● **Work item**
Exact copy, no pictures: return only the lines below from the line with "Fantastic MEXICO 1941" up to and including the line with "Ombre Long Wavy".
Records supplied Start Marker
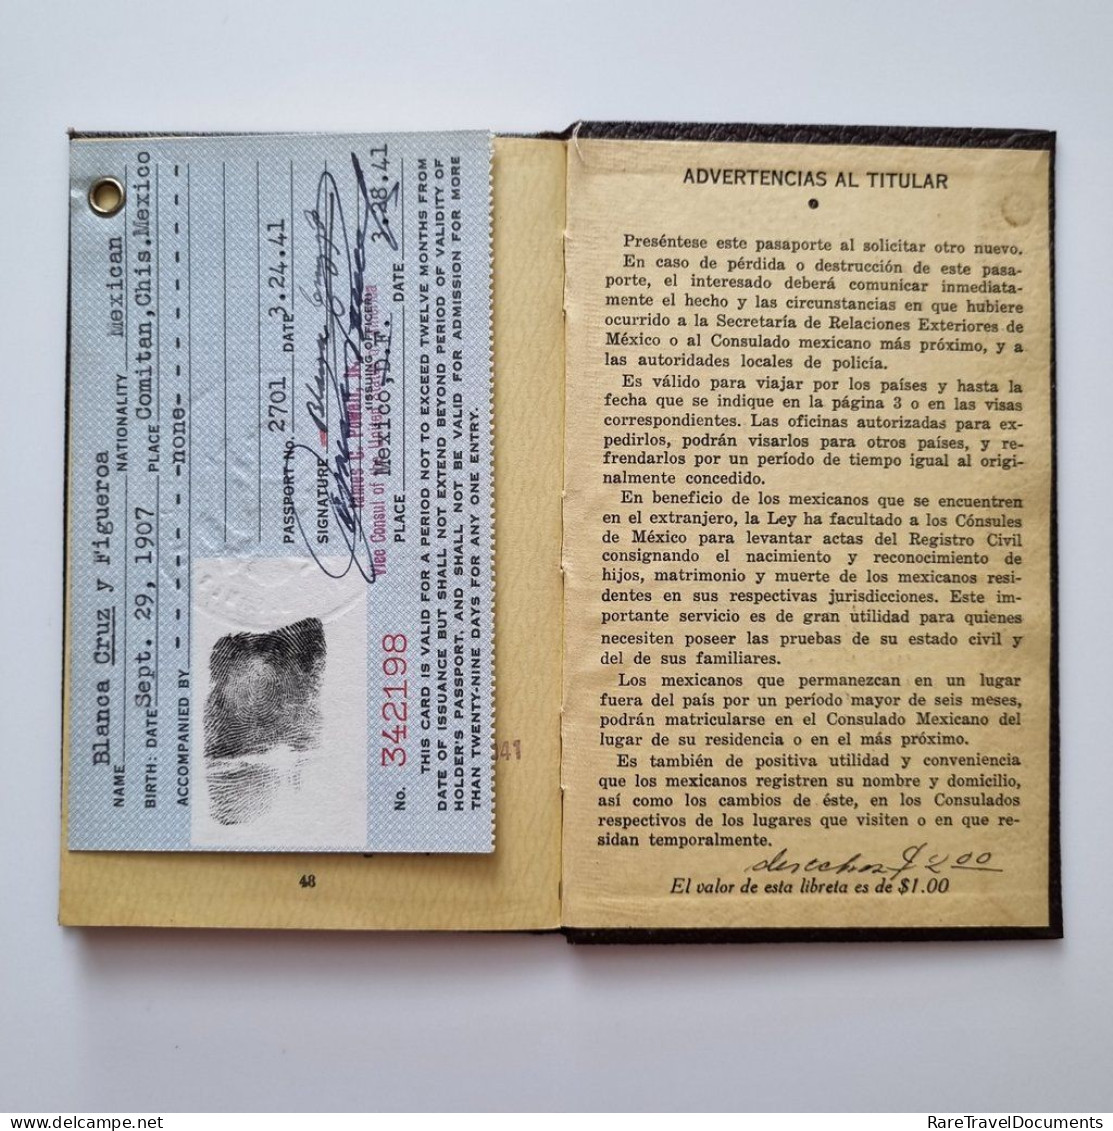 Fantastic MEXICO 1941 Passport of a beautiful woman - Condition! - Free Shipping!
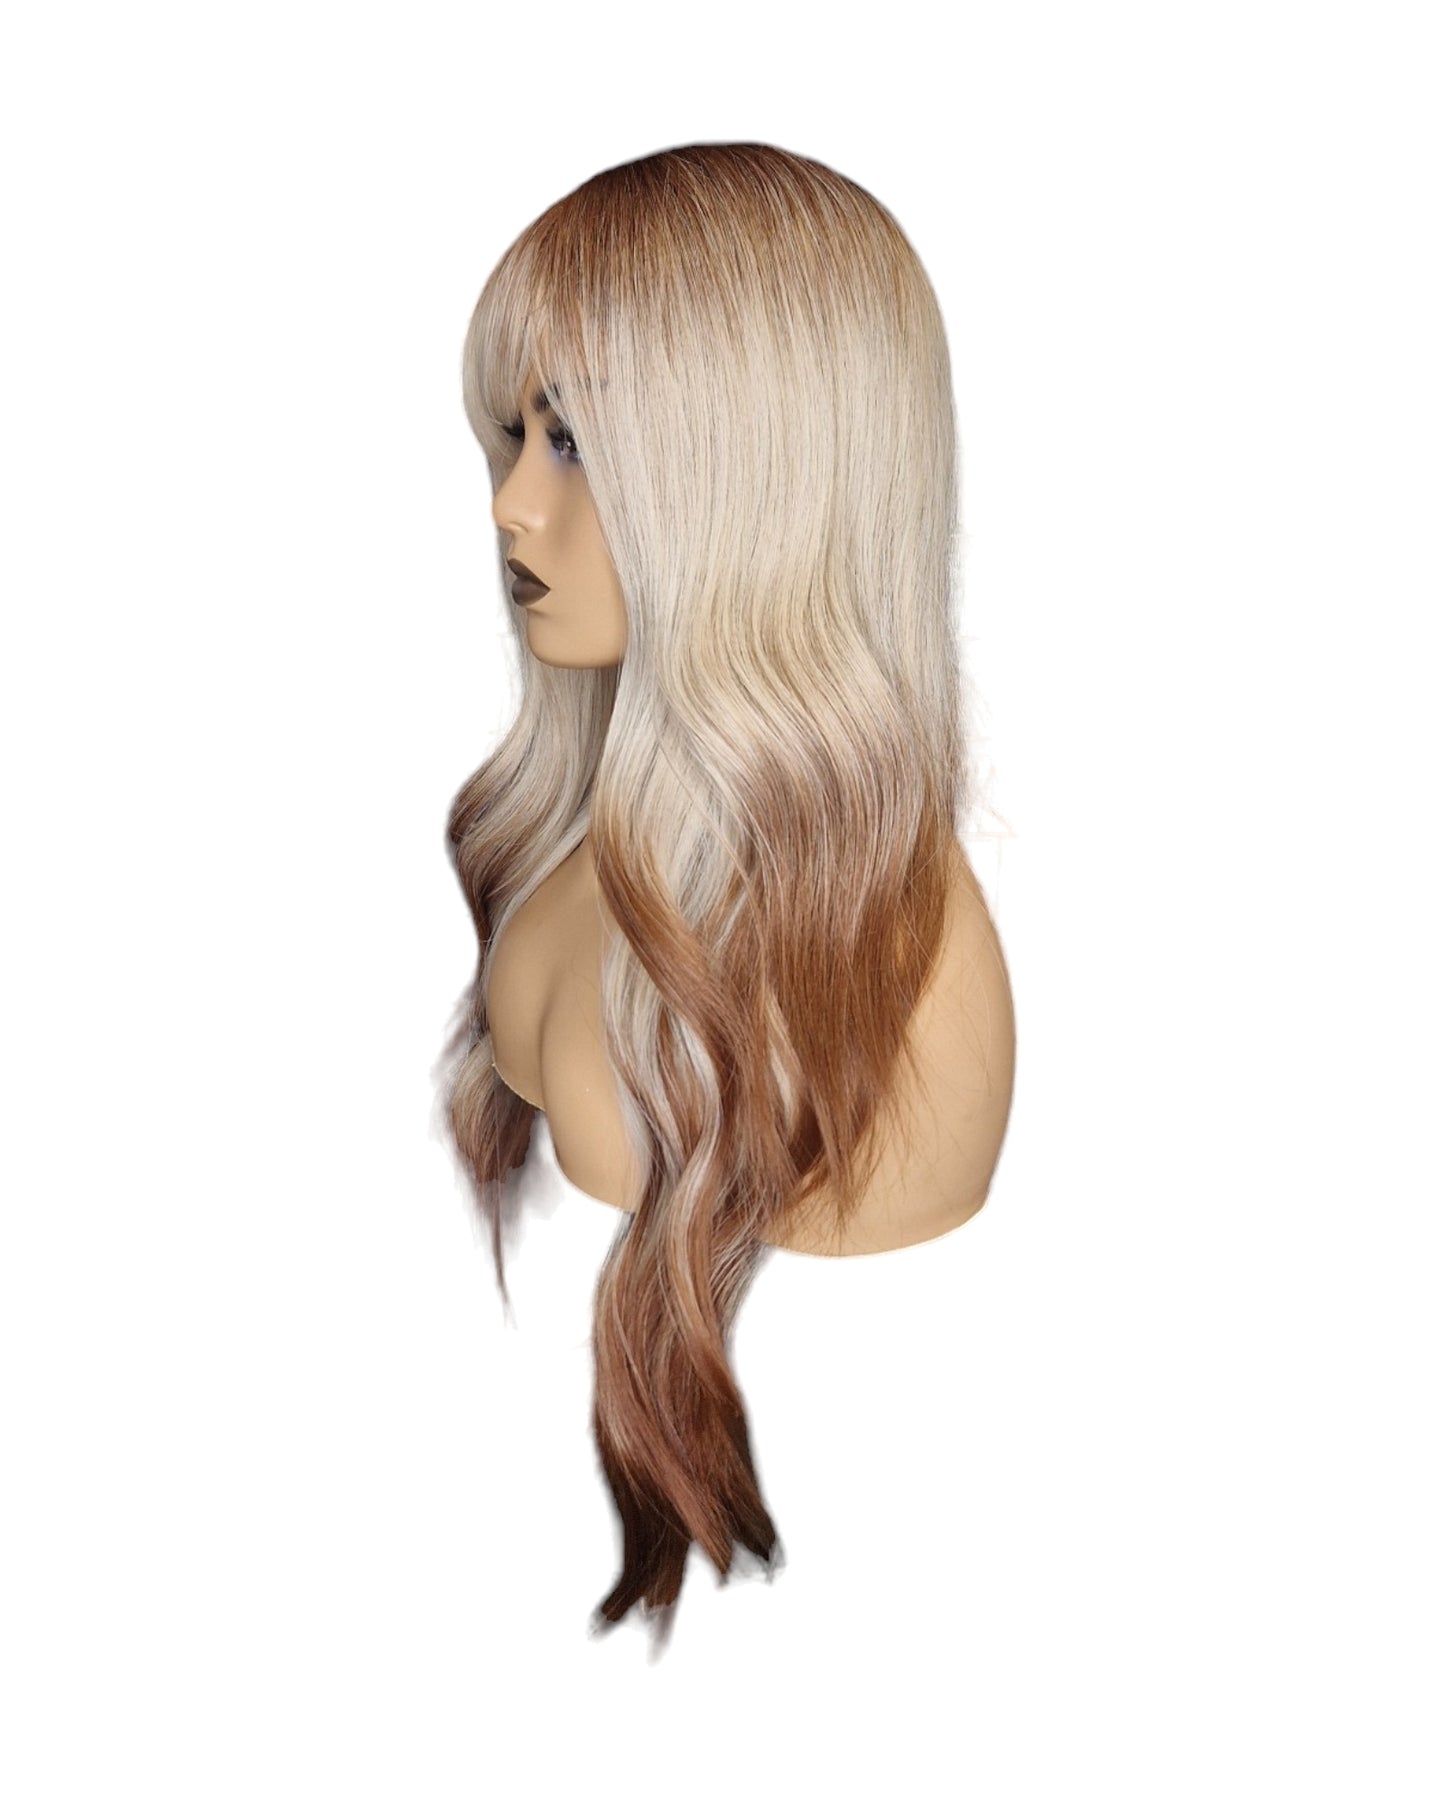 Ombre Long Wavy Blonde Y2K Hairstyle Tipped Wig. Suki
Records supplied End Marker
Records supplied Start Marker
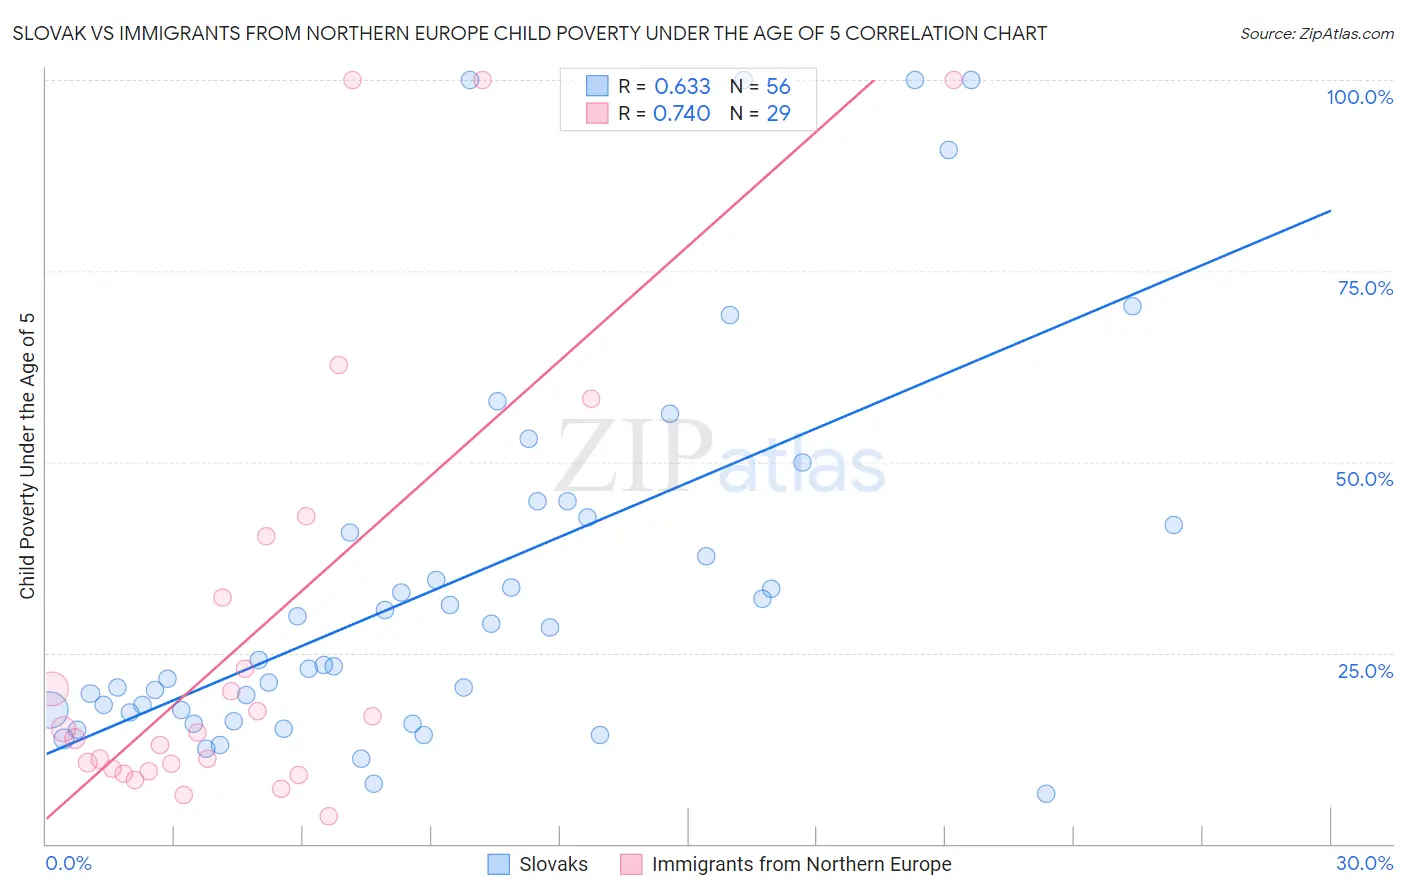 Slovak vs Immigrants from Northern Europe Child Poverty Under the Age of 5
Records supplied End Marker
Records supplied Start Marker
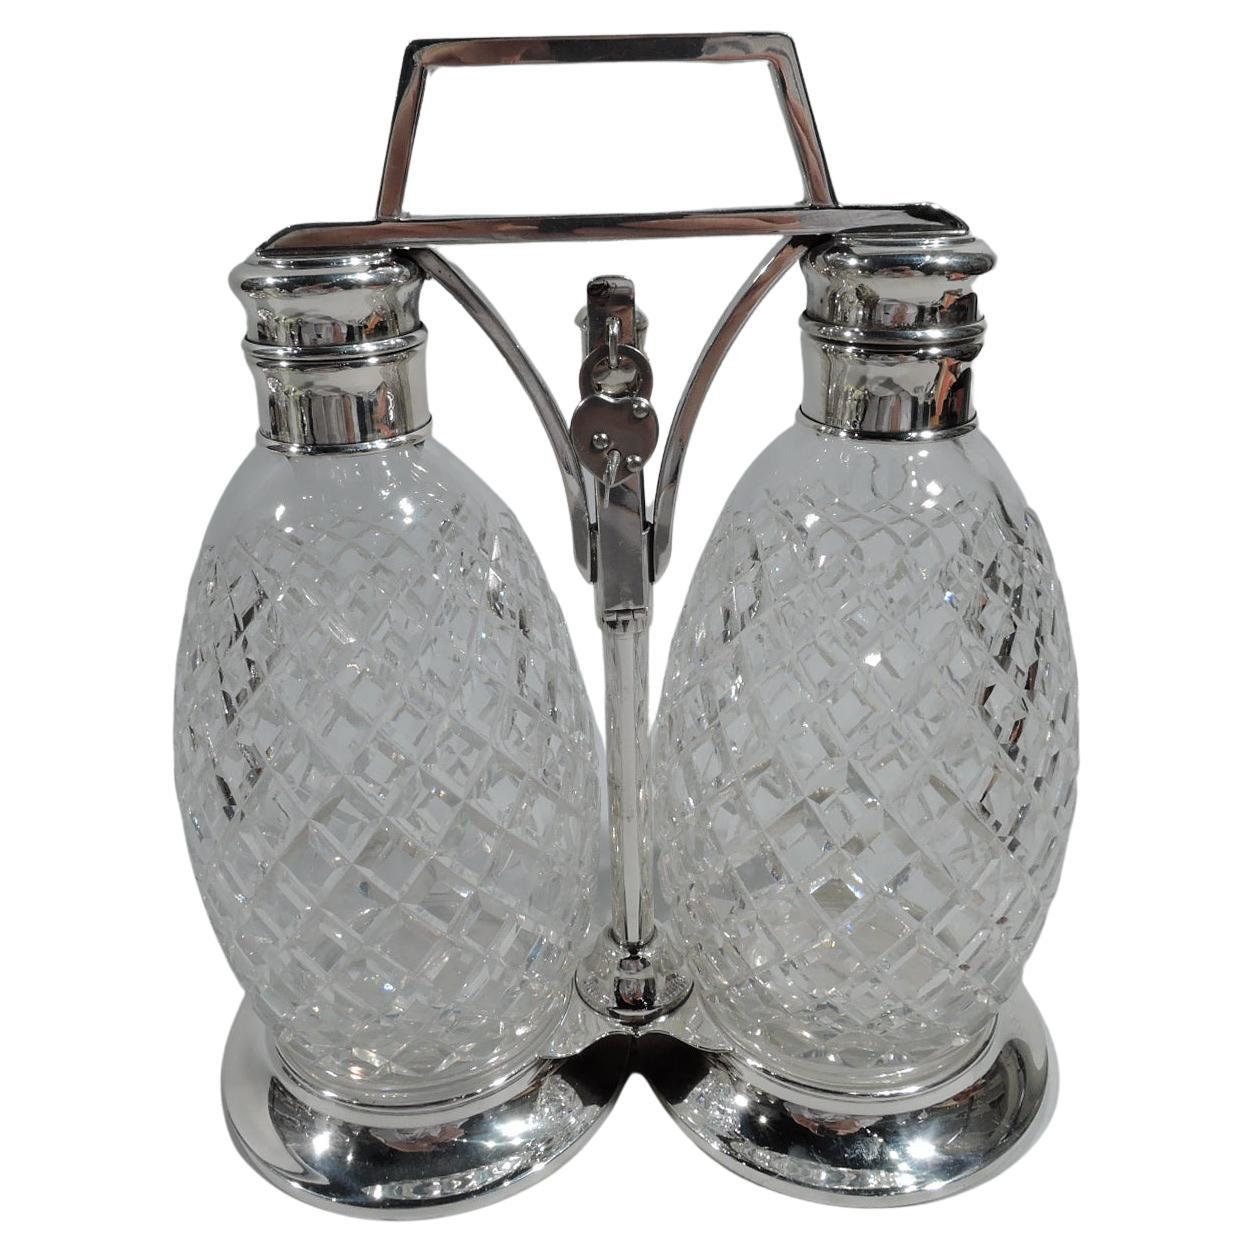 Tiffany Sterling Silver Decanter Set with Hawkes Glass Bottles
Records supplied End Marker
● **The completed task**
 Fantastic MEXICO 1941 Passport of a beautiful woman - Condition! - Free Shipping!
 Ombre Long Wavy Blonde Y2K Hairstyle Tipped Wig. Suki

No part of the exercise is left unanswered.